→ How to complete this task: What is needed is a word-for-word copy of the lines below from the one with "Damen Nike Air" through the one with "Mesa Lateral Redonda", both included, with every picture left out.

→ Task inputs:
....

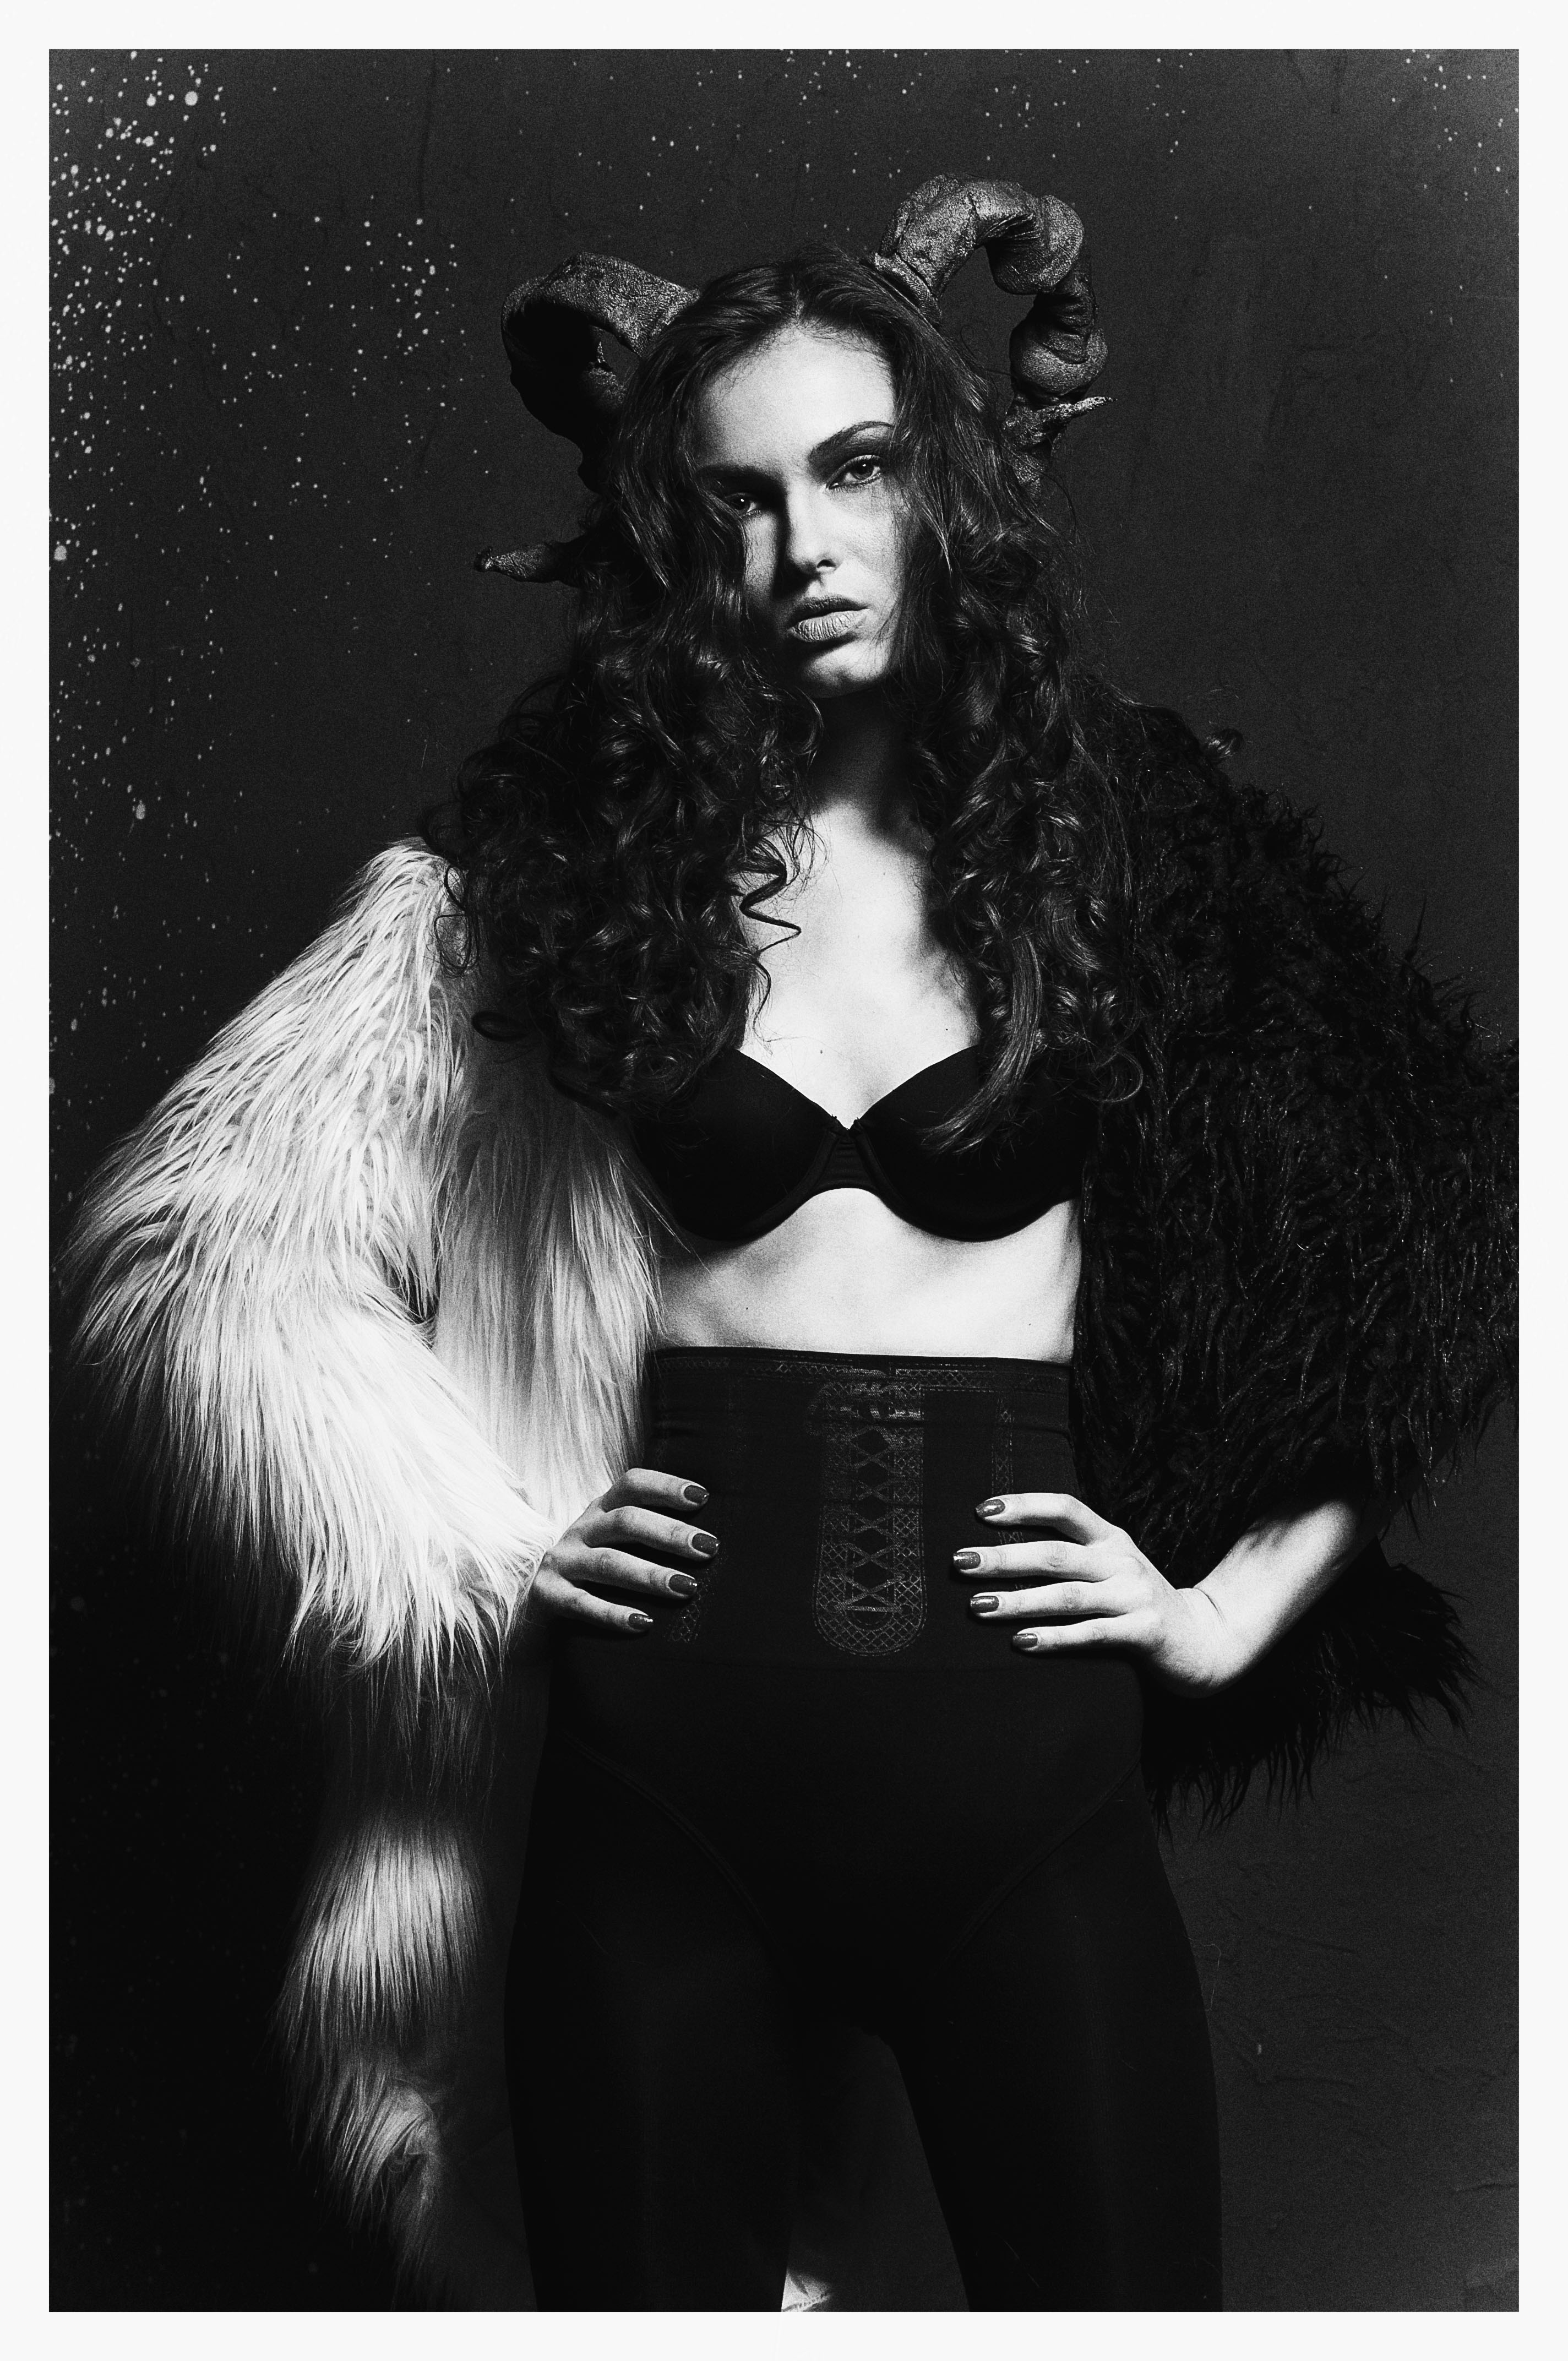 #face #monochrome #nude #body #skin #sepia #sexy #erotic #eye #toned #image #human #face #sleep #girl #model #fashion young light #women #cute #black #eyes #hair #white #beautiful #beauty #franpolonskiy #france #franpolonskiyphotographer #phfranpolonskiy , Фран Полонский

....

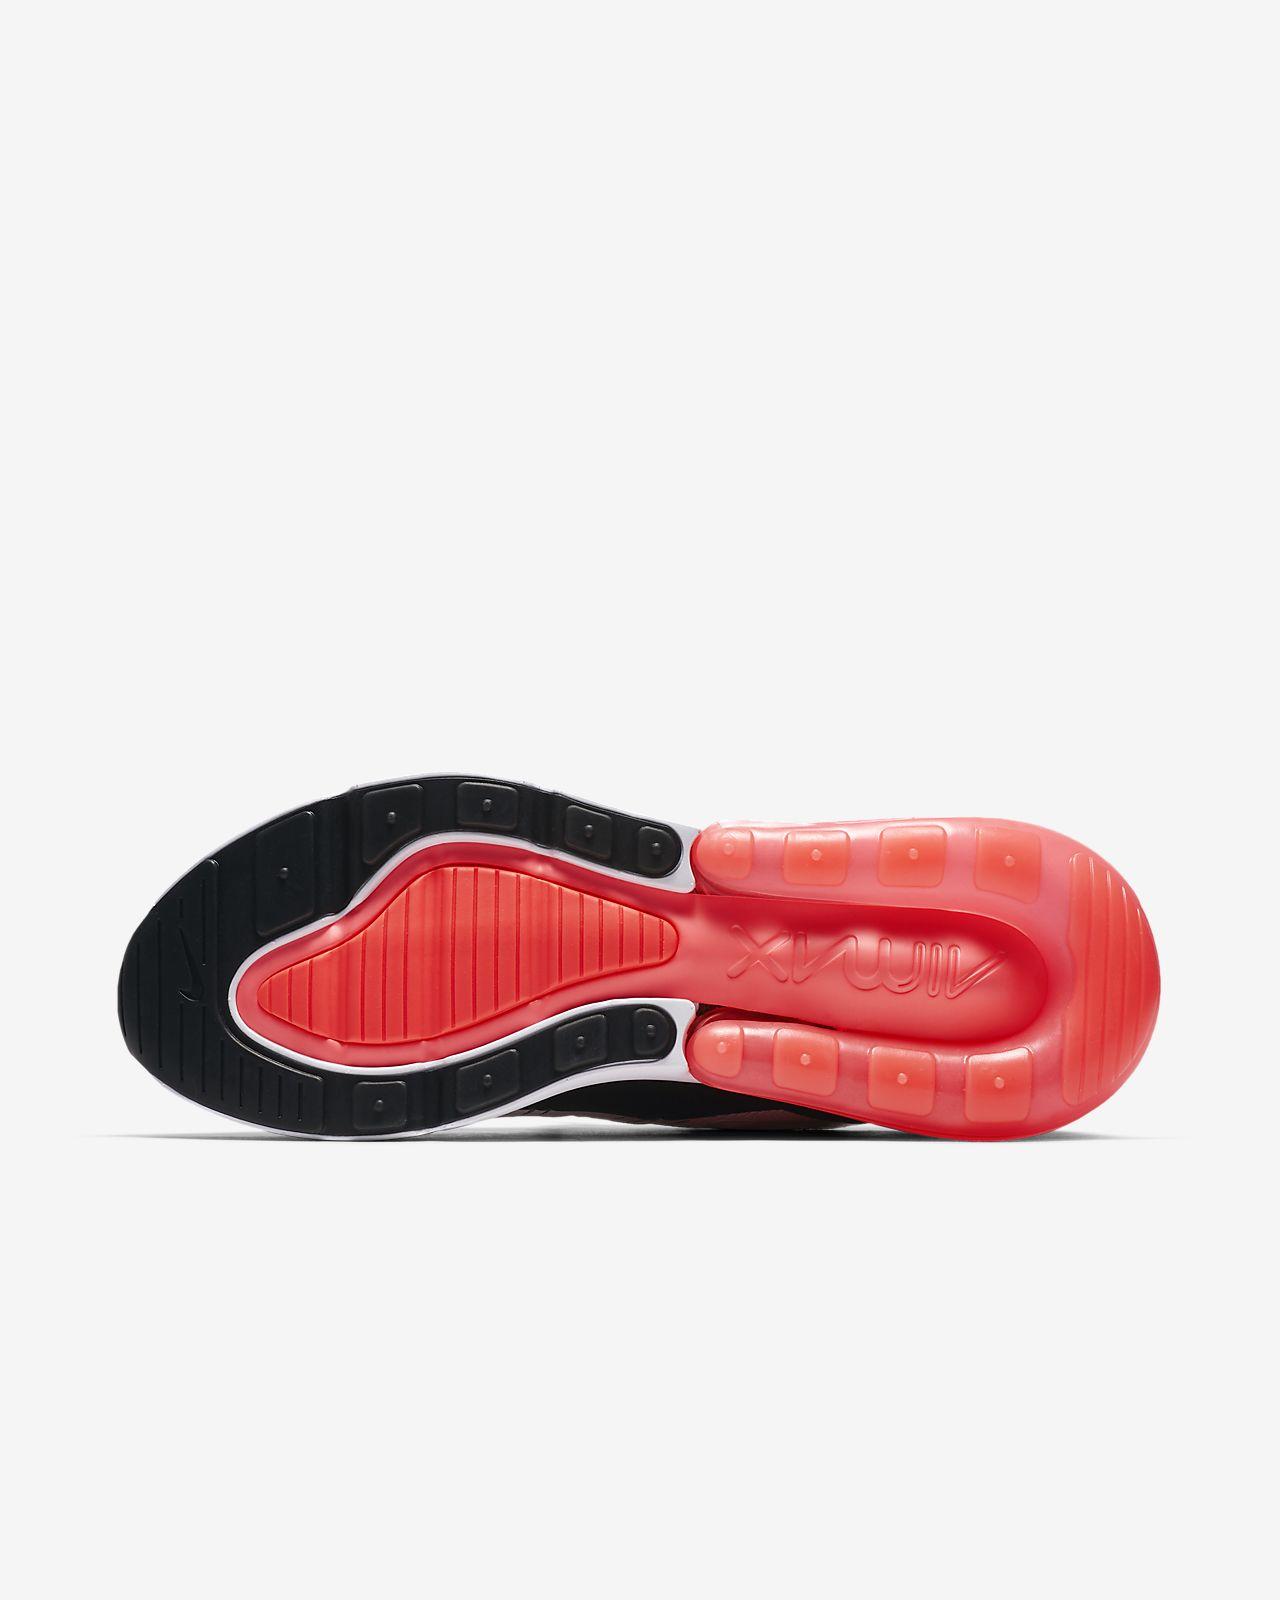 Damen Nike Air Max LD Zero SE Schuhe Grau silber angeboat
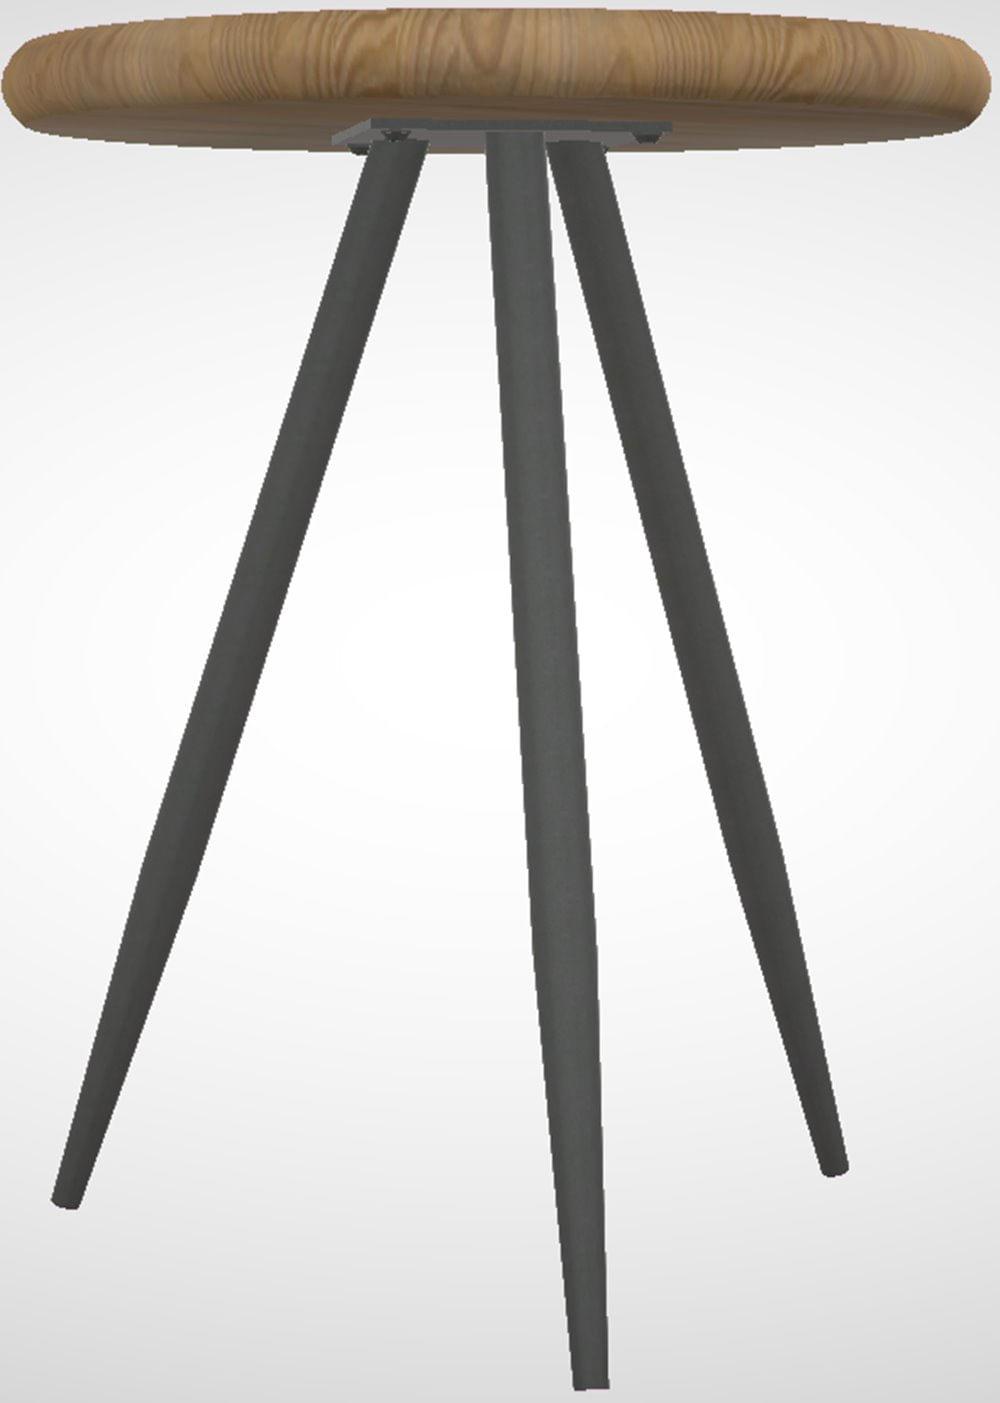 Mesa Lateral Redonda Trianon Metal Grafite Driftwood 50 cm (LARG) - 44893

....

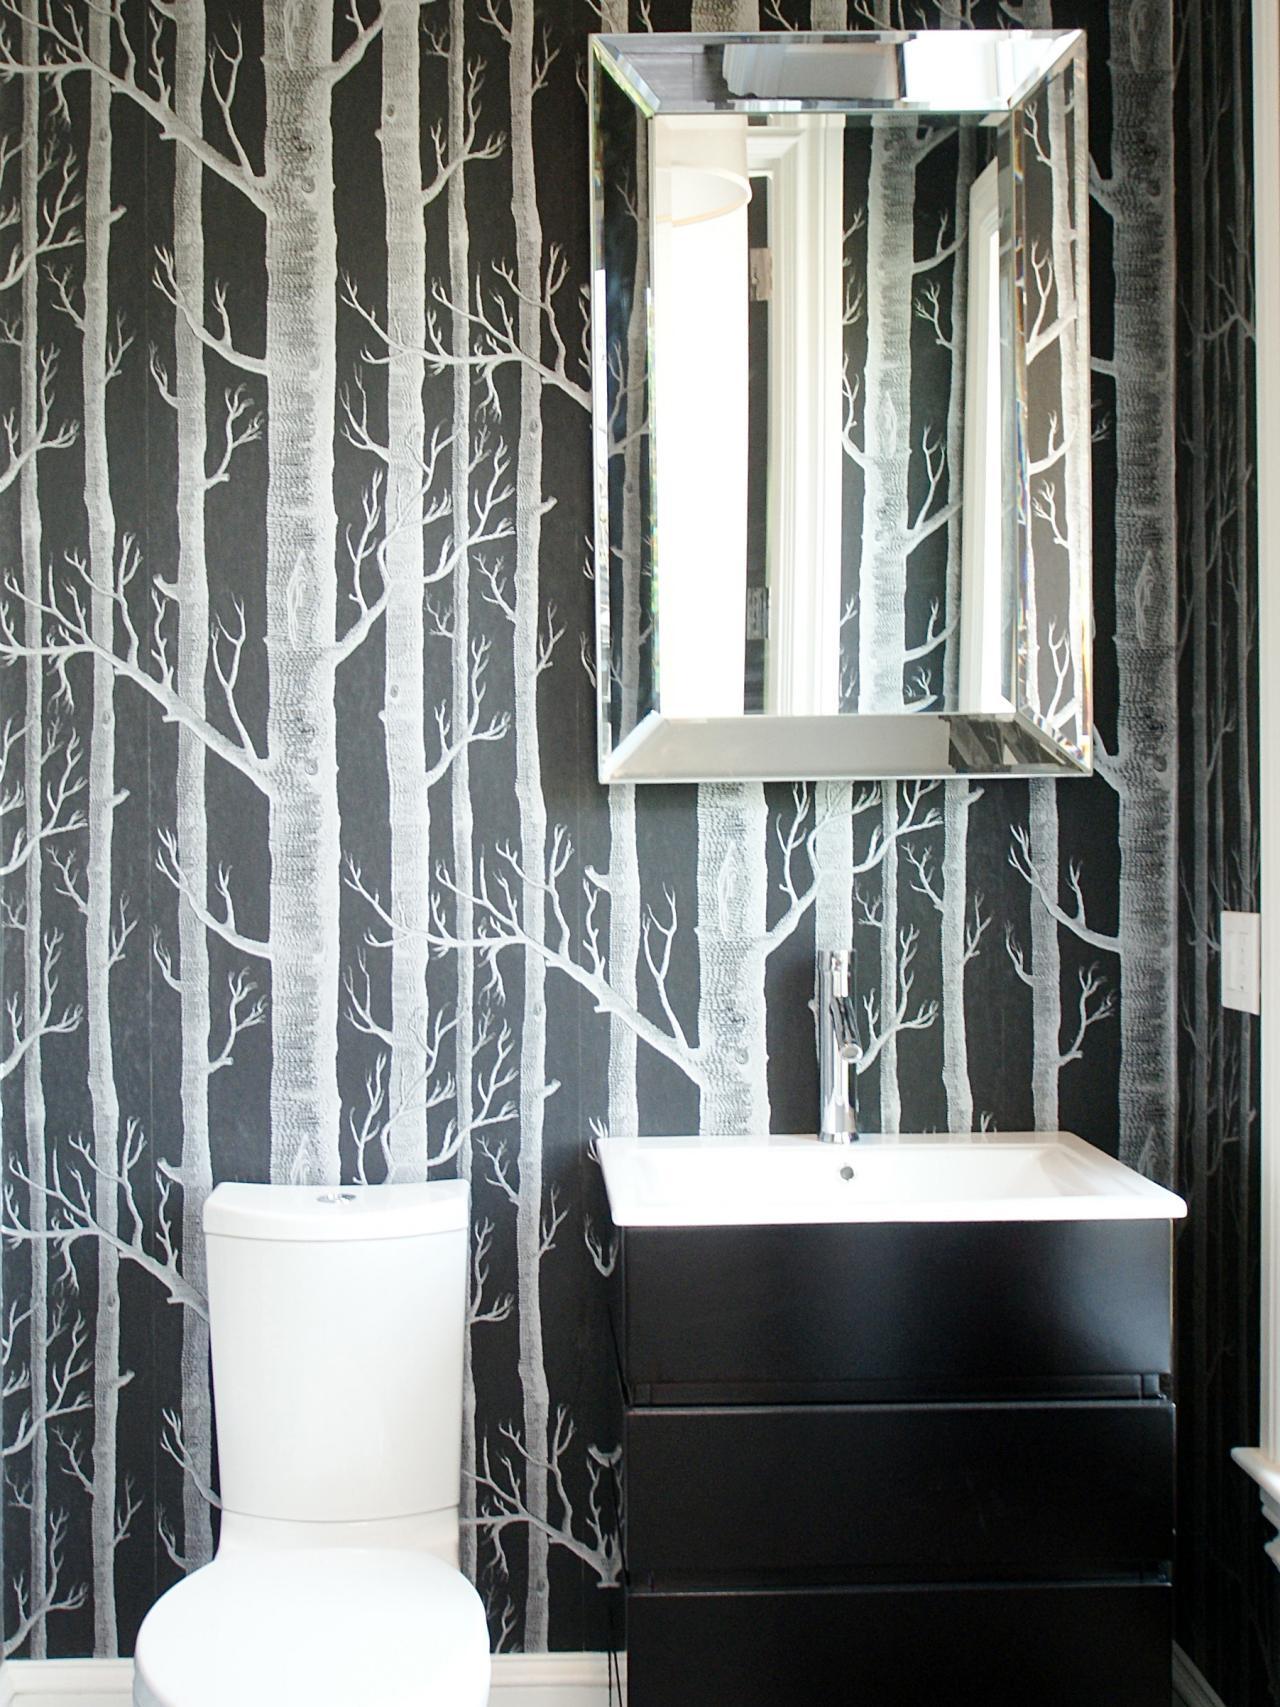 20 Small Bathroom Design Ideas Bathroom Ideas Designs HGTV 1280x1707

....

→ Task answer:
 Damen Nike Air Max LD Zero SE Schuhe Grau silber angeboat
 Mesa Lateral Redonda Trianon Metal Grafite Driftwood 50 cm (LARG) - 44893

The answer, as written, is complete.